Sunday, December 30, 2007

Reliance plans $24 bn investment in petrochemicals

Reliance plans $24 bn investment in petrochemicals
IST, PTI

DUBAI: Reliance Industries, India's largest company by market value, plans to spend $24 billion over the next ten years in setting up petrochemicals projects in the Middle East, company Chairman and Managing Director Mukesh Ambani is reported to have said.

"We plan to set up a number of petrochemical plants in the next decade, with each costing $4-6 billion," the Dubai-based Gulf News quoted Ambani as saying.

Ambani had yesterday told a conference here that building five billion dollar petrochemicals plants in the Middle East will be the best way for Reliance, India's biggest producer of chemicals, to meet India's quadrupling demand of chemicals in the next 10 years.

Reliance wants to tap the growing demand for chemicals in Asia, especially in China and India.

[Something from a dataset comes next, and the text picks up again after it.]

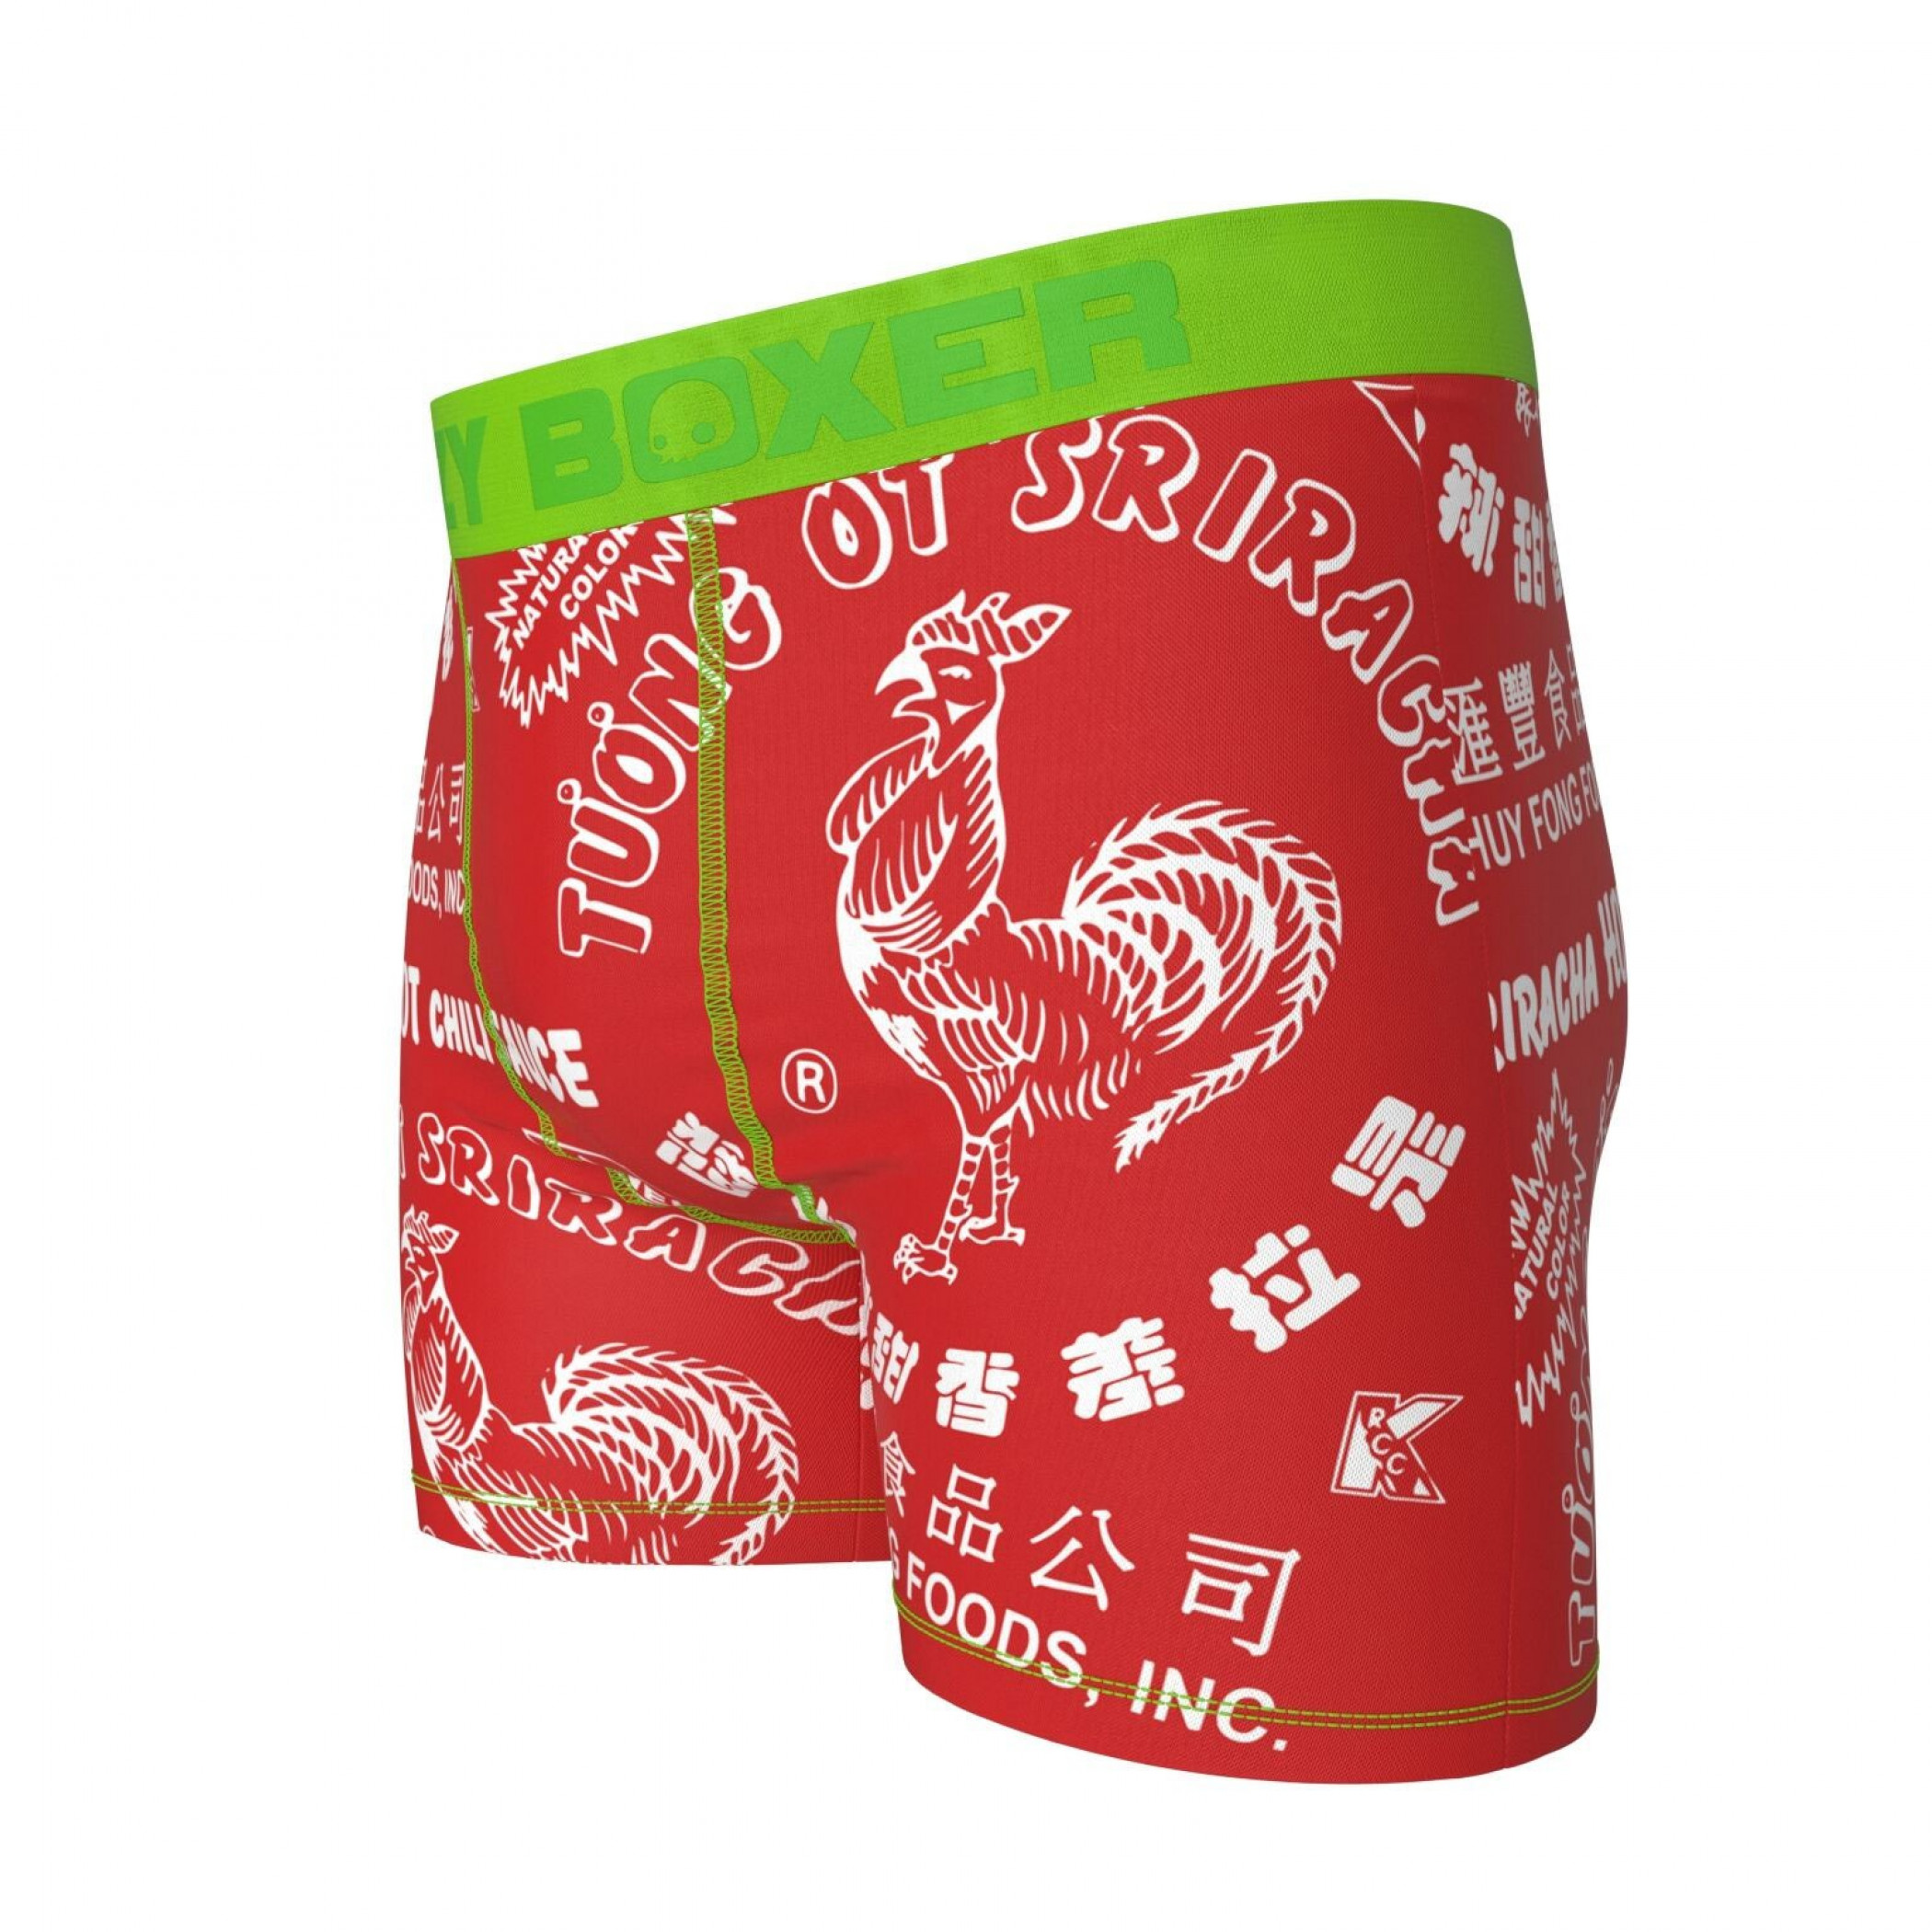 Sriracha Hot Chili Sauce Boxer Briefs in Chinese Take Out Container-XLarge - image 4 of 6

"Dubai will be the gateway to our future investment in this part of the world and beyond," Gulf News quoted Ambani as saying. "We will increase our headcount in Dubai, which will be the nerve centre of our international operations."

Ambani, who had yesterday at the petrochemical conference said that Reliance would aggressively pursue acquisitions as part of a new strategy to grow, told Gulf News his company was not yet ready for big-ticket acquisitions.

"We will need to grow and invest in our own expansion for at least 10 more years, before entering into big-time acquisitions," he was quoted as saying.